Regardless, today i realized one of my bigger issues with AI. AI lets you do things more easily which can be both a boon and a curse.  

This past summer, as we all basked in the warmth of the sun -- blissfully ignorant that Chief Brody did not mention that Chrissie Watkins had been killed by a shark earlier in the summer -- our conversations were filled with talk of the 50th anniversary of Jaws. As is part of any Jaws conversation, Bruce no doubt is mentioned. What would the movie have been if Bruce had worked properly? Was the lack, or failure, of technology responsible for helping create one of the greatest movies of all time?
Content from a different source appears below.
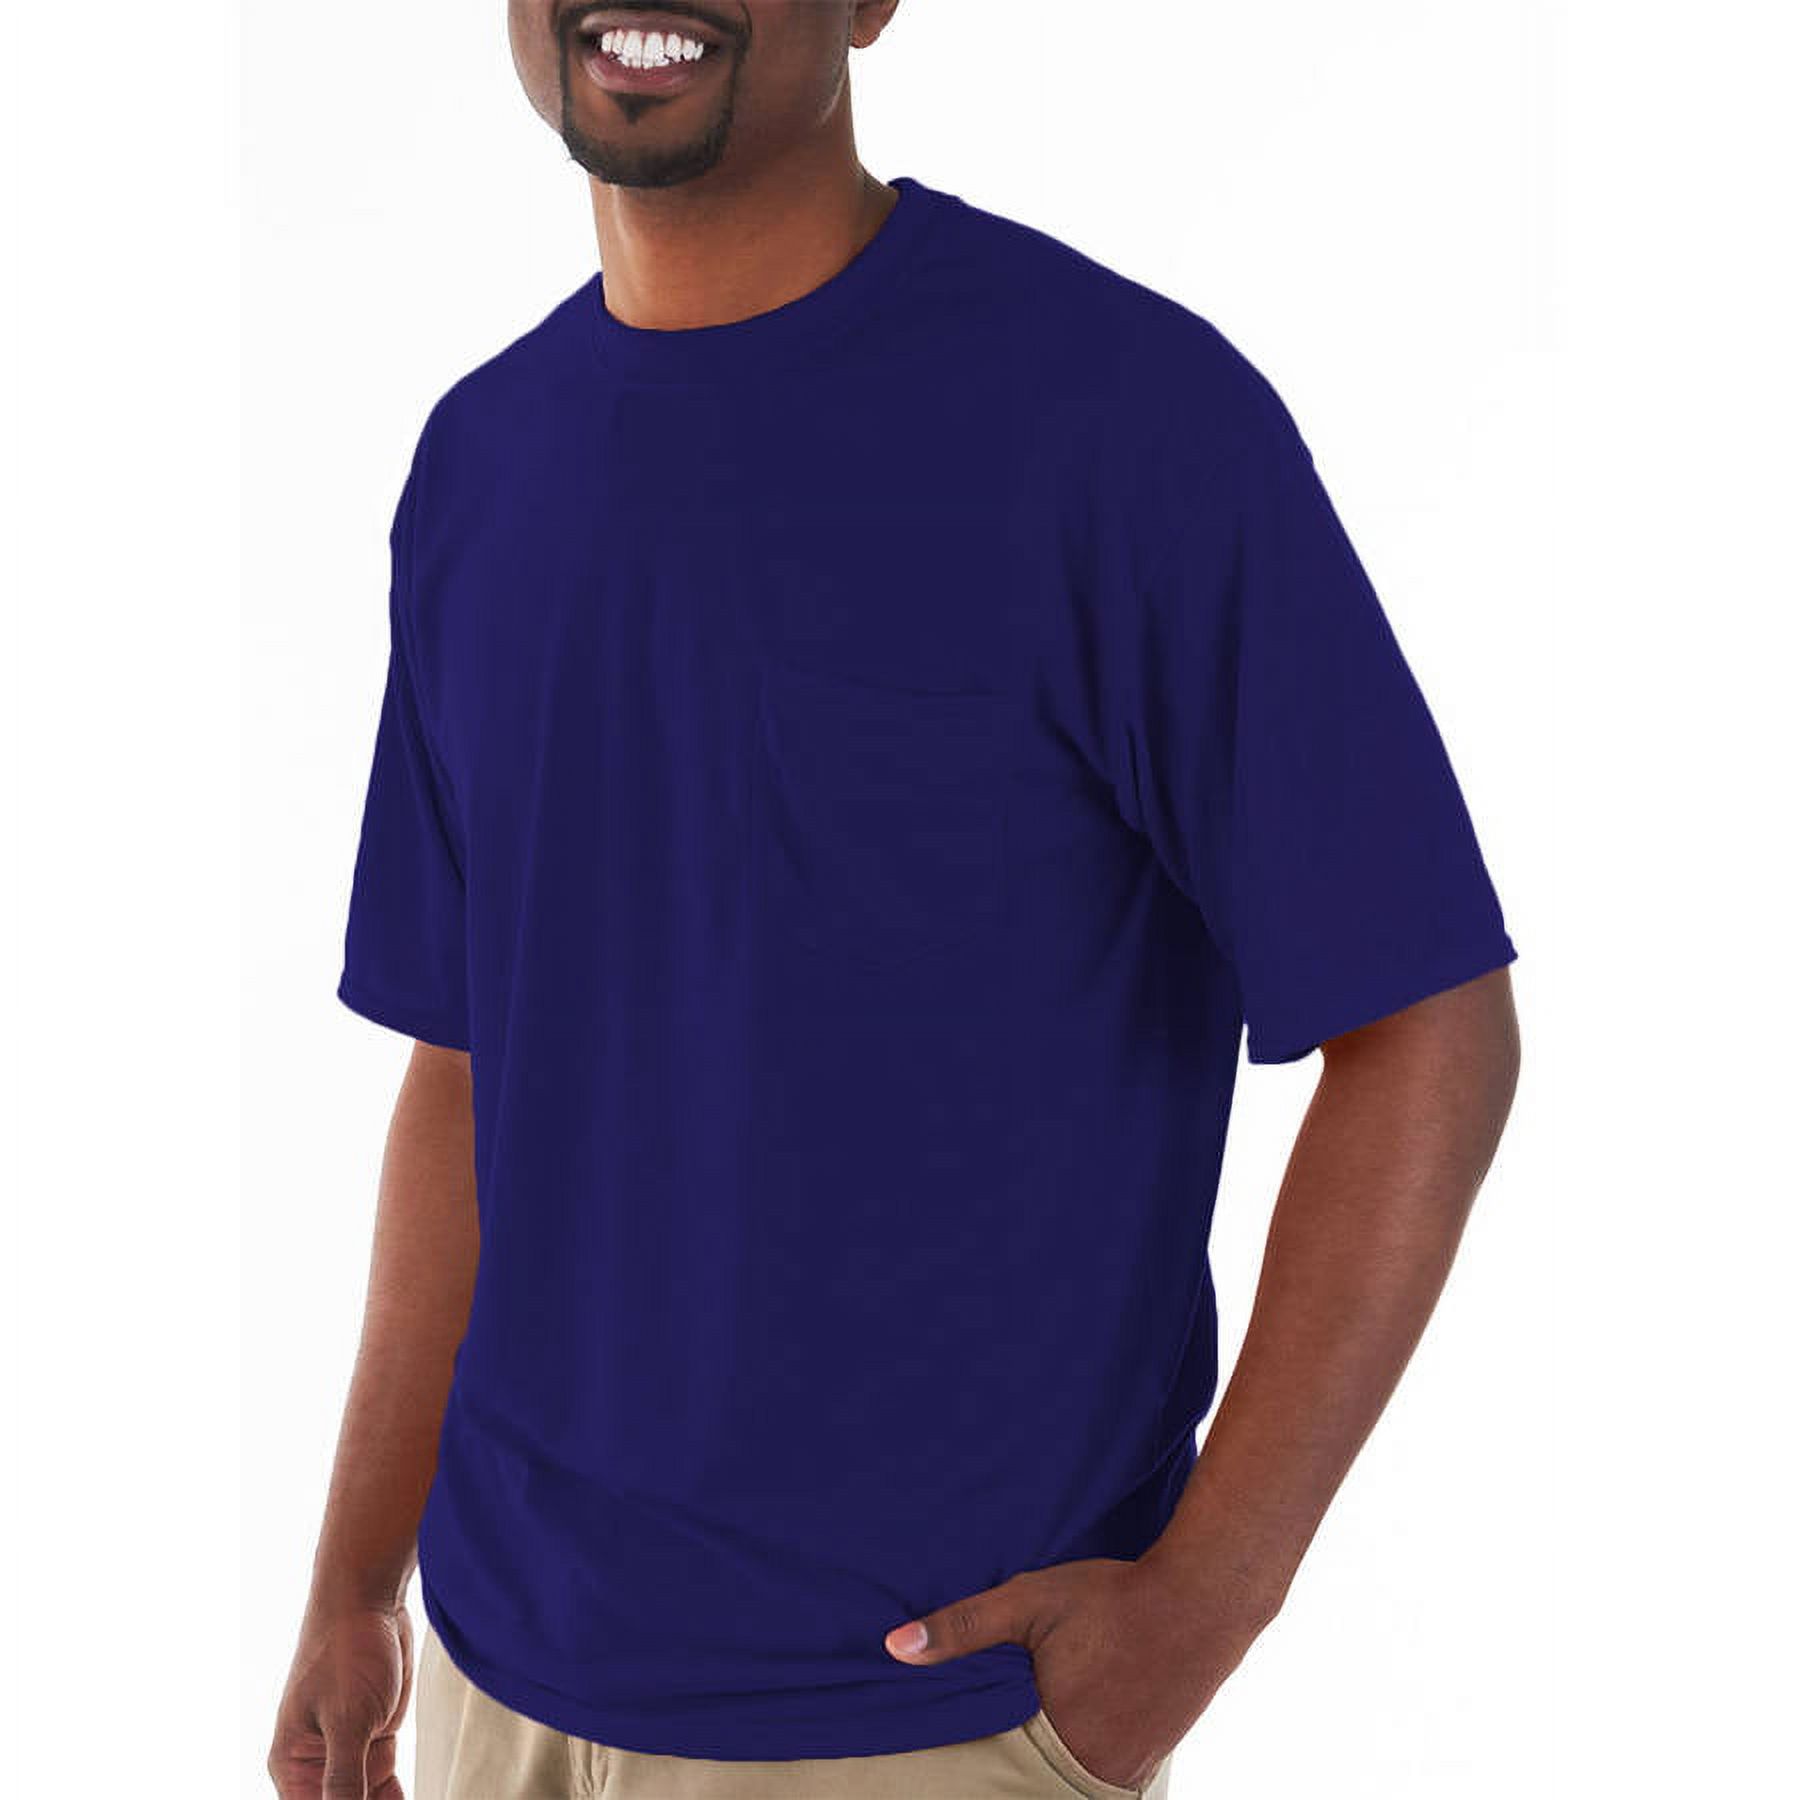 Gildan Mens classic short sleeve t-shirt with pocket - image 1 of 2

When I have this conversation, I tend to also weave in the saga of the Star Wars prequel. A projected expected to become a cinematic masterpiece helped by the revolution of technology between 1977 and 1999. With the chains of practical effects throw off,  George Lucas could finally tell the story he wanted. While visually there were stunning scenes in the Star Wars prequels, the characters and story were left hallow (at least in the eyes of those of us who grew up with the original trilogy existing alone). If the technology would have failed George Lucas, would the characters and story have grown stronger? Probably not, but maybe.
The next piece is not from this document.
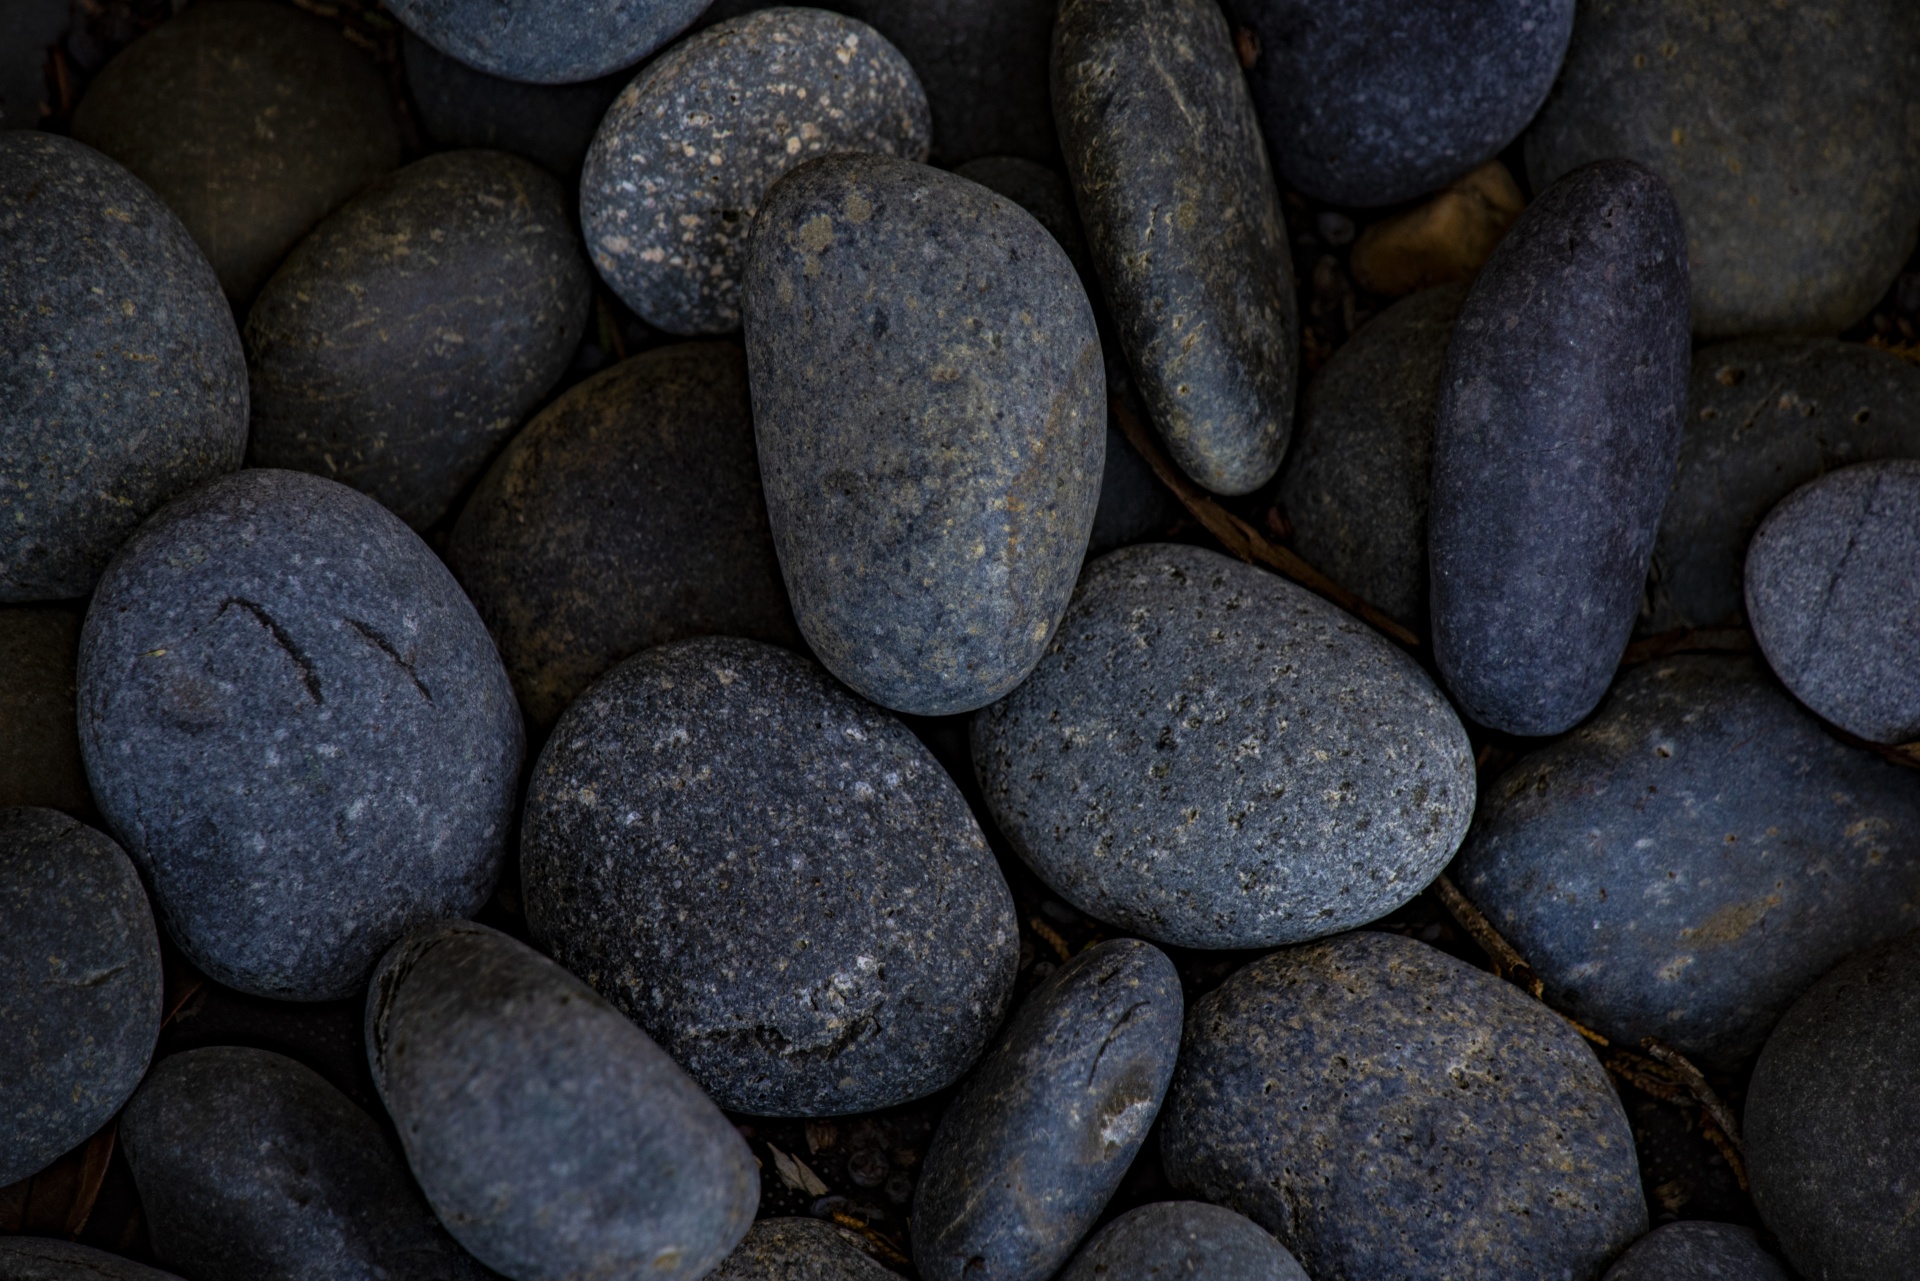 River rocks in blue tones

To me, AI represents where creativity goes to die. Not because AI will steal our ideas or come up with better ones, but because it will allow us to quickly create our initial ideas without a single secondary thought. How many brilliant ideas came to fruition due to budgetary restraints? How many iconic shots graced the silver screen because it wasn't possible to do it another way? How many times were scenes rehearsed because we only had one chance to get the shot? 

The argument crops up everywhere. What's lost now that we don't spend hours developing film? What does framing matter if you can take 3600 pictures finally on a digital camera instead of 36 shots on a roll of film? What good is planning a campaign when you can look at metrics instantly and change course three days in? What does food quality matter if everyone is on a GLP1?
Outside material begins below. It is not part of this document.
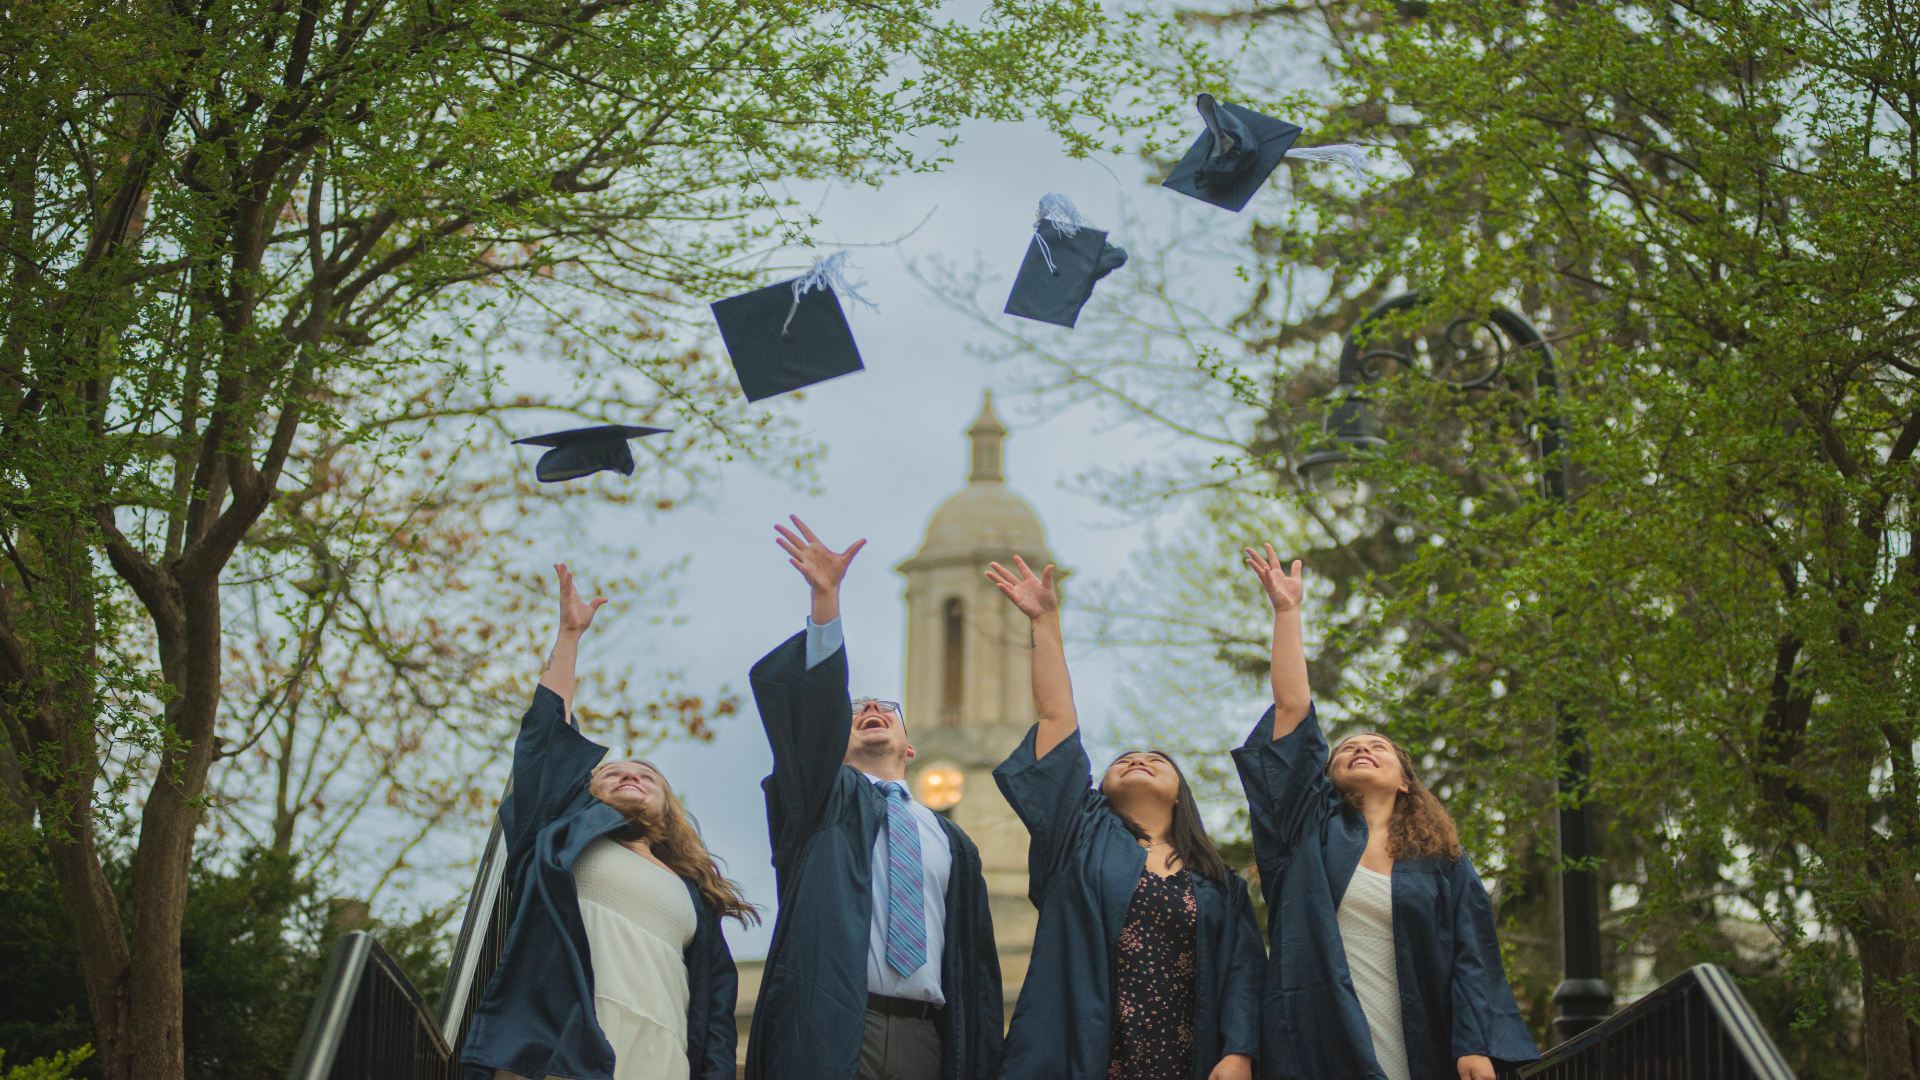 College graduates tossing graduation caps into the air

Calling someone a Luddite is an insult. After all, we've bastardized who Ned Ludd was and what his movement was about. Those who seem worried about AI will undoubtedly be labeled in a similar manner, and will ironically be viewed most likely in the same light we currently view Luddites as, two hundred years from now. But AI is making us lazy, stupid, ignorant, jobless, and without capacity to evolve. Our very concepts of society will slowly fall apart as a select few amass wealth and power not seen for thousands of years. But yes, its so funny that we interviewed Santa and can prove he's now using our AI chat bot to increase HR efficiencies with the elves. 

Do not just do work. Refine work, create work, develop work, edit work. Do better, now what is just easy or convenient.  

And yes, i am aware that this post is stream of consciousness and to an extent ignores the concept of better, thoughtful, highly edited work... but whats the point of a lawn if you don't  yell at kids to get off it.